Haydi yemeğe. Biz "Yemekteyiz."

Haydi yemeğe. Biz "Yemekteyiz."
 

27 Ekim 2007/ Milliyet Blog'cular 1. İnönü toplantısında Meşhur EFSANE'nin başında."Yemekteyiz"


Merhaba 2009. Biraz geç olsa da...

Yeni yılı farklı ortamlarda, farklı beklentiler içinde karşıladık, kutladık, eğlendik... Bazılarımız dost, arkadaş ve sevdiklerinin yeni yılını telefon, SMS ve e-postalarla kutlarken, bazılarımız da yılbaşı kartları gönderdiler, birbirlerine. Unutulmaya yüz tutan bu eski ama güzel alışkanlıktan nasibini alanlar bence yeni yılın şanslı kişileri.

Unutamayacağımız acı, tatlı, güzel anılarla dolu olan ikibinsekiz artık geride kaldı. İkibindokuza bir yerlerden girmek, katılmak gerekiyor. Çünkü hayat devam ediyor.

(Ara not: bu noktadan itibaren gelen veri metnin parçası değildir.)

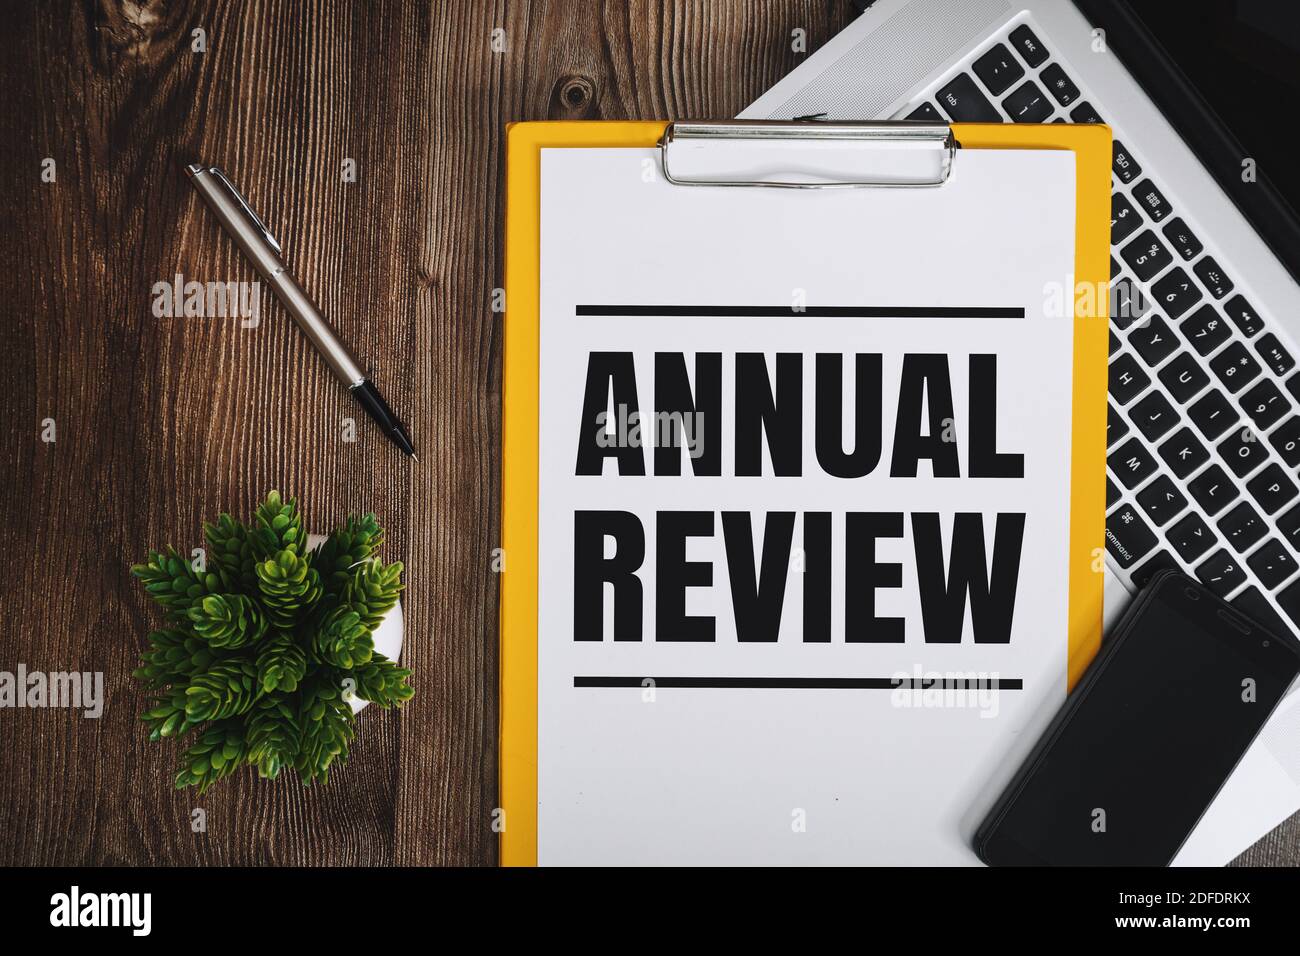 Annual Review on Clipboard over Wooden Work Desk Stock Photo
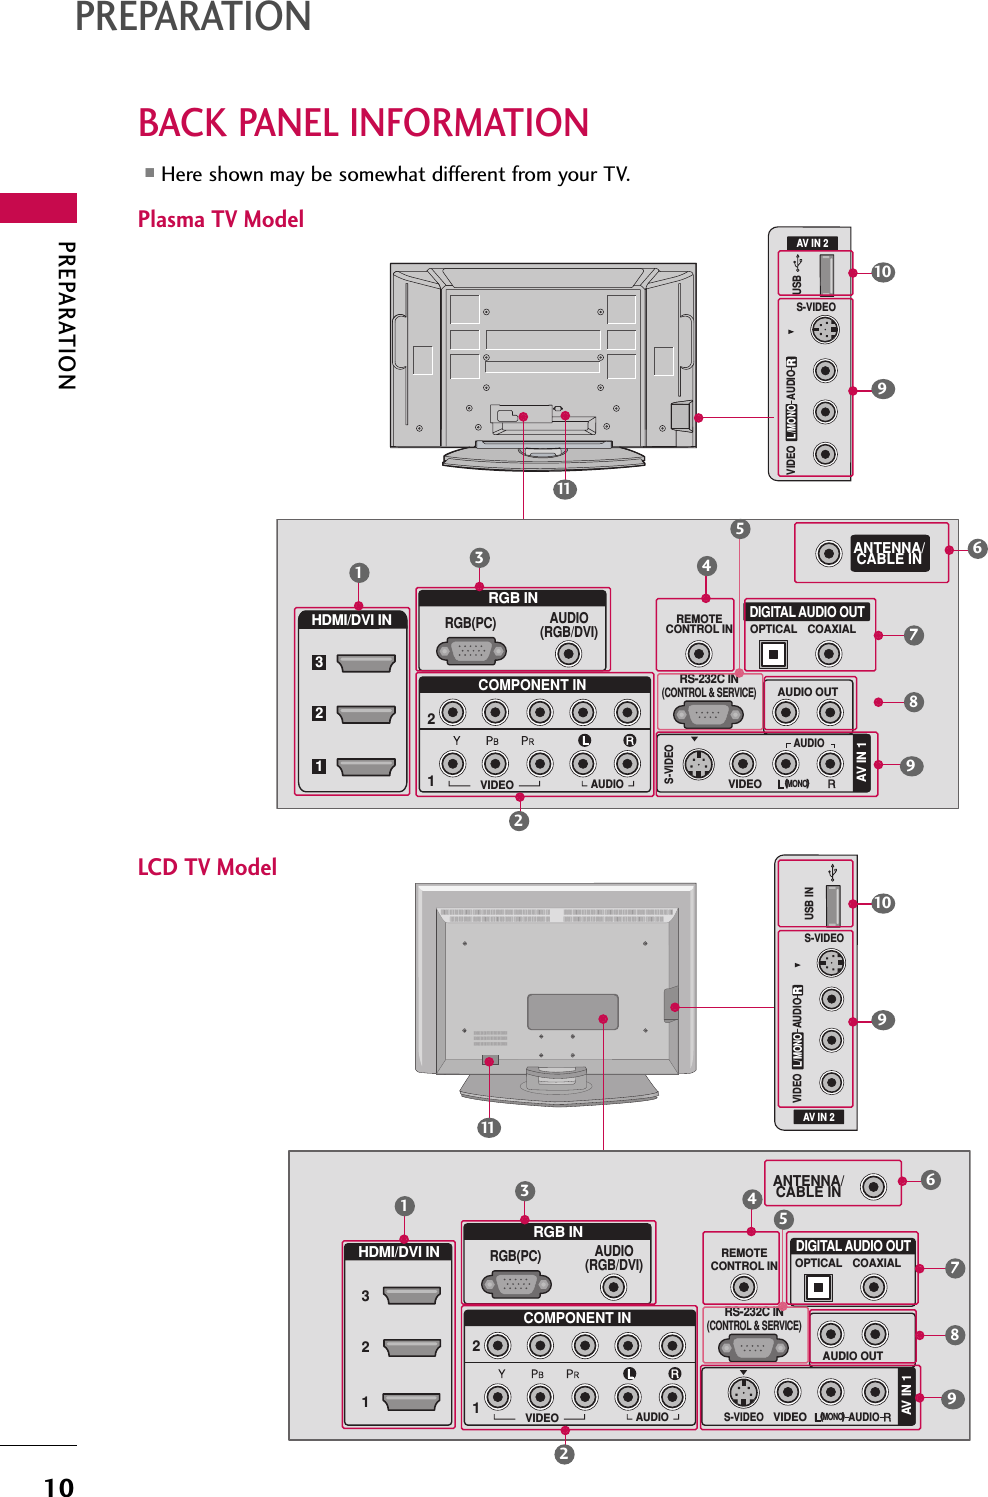 PREPARATION10BACK PANEL INFORMATIONPREPARATIONPlasma TV ModelLCD TV Model(            )AV IN 2L/MONORAUDIOVIDEOS-VIDEOUSBRGB INCOMPONENT INAUDIO(RGB/DVI)RGB(PC)REMOTECONTROL INANTENNA/CABLE IN12RS-232C IN(CONTROL &amp; SERVICE)VIDEOAUDIOVIDEOAUDIO OUTOPTICAL COAXIALMONO(                        )AUDIOS-VIDEODIGITAL AUDIO OUTAV IN 1RHDMI/DVI IN 321■Here shown may be somewhat different from your TV.13456782111099(            )AV IN 2L/MONORAUDIOVIDEOS-VIDEOUSB INRGB INHDMI/DVI INCOMPONENT INAUDIO(RGB/DVI)RGB(PC)REMOTECONTROL INANTENNA/CABLE IN11223RS-232C IN(CONTROL &amp; SERVICE)VIDEOAUDIOVIDEOAUDIO OUTOPTICAL COAXIALMONO(                        )AUDIOS-VIDEODIGITAL AUDIO OUTAV IN 1R13456782111099

Ben de başlamalıyım. Aklımda bir çok konu var, yeri geldikçe daha doğrusu fırsat bulup konuya odaklandıkça yazacağım. Şu sıralar televizyon dizi ve yarışmalarına merak :) sardım. Bugünlerde TV'de izlediğimiz "Yemekteyiz" programına konuk oluyorum, evde tabi ki. Evdeki kalabalık ahali (eşim-kayınvalidem) yarışmanın sürekli izleyicileri arasında yer alınca ister istemez bazı bölümleri seyretmek zorunda :) kaldım. Gerçekten maharetli kadın-erkek yarışmacılar var. Mutfaktaki marifetleri de alkışlanır. Yarışmacıların hazırlayacağı yemek listesi için alınan malzemelerin parası yapımcı ya da sponsorlar tarafından karşılandığı içindir ki kurulan sofralar dört dörtlük. Güzel bir sofra ve güzel bir program. Yarışmacıların her birinin ötekilerden pek üstün bir niteliği olmasa da herkes eleştirmekte oldukça başarılı. Herkes herşeyi eleştirilebiliyor. Önemli olan büyük ödülü kazanmak. O nedenle... normal.

Öğüt vermek gibi olmasın ama, yarışmayı aç karnına :) izlemeyin. Bir de sürekli izlemeyin, alışkanlık yapabilir, katıldığınız yemekli toplantılarda hatta lokanta ve restaurantlarda kendinizi yarışma ortamında sanıp :) sağı solu eleştirmeye başlayabilirsiniz. Benden söylemesi.

Beş yarışmacı, imrenerek bakılan güzelim mutfaklar, güzel yemekler, salatalar, tatlılar...

Benim önerim "Bu program daha geniş tutulmalı" yani yarışmacılar aileleri ile katılmalı. Yemekler de ailece hazırlanmalı. Ailedeki kişi sayısı anne-baba-üç çocuk (kesin kural) dede-nine de hesaba katılarak yedi kişiyle sınırlı tutulmalı. Ne eksik ne fazla. Bu kategoriye uyan aileler yarışmacı olabilmeli. Ki zaten bu grup ülkemizin çekirdek ailesi. Bir çoğumuz böyle yaşamıyor muyuz.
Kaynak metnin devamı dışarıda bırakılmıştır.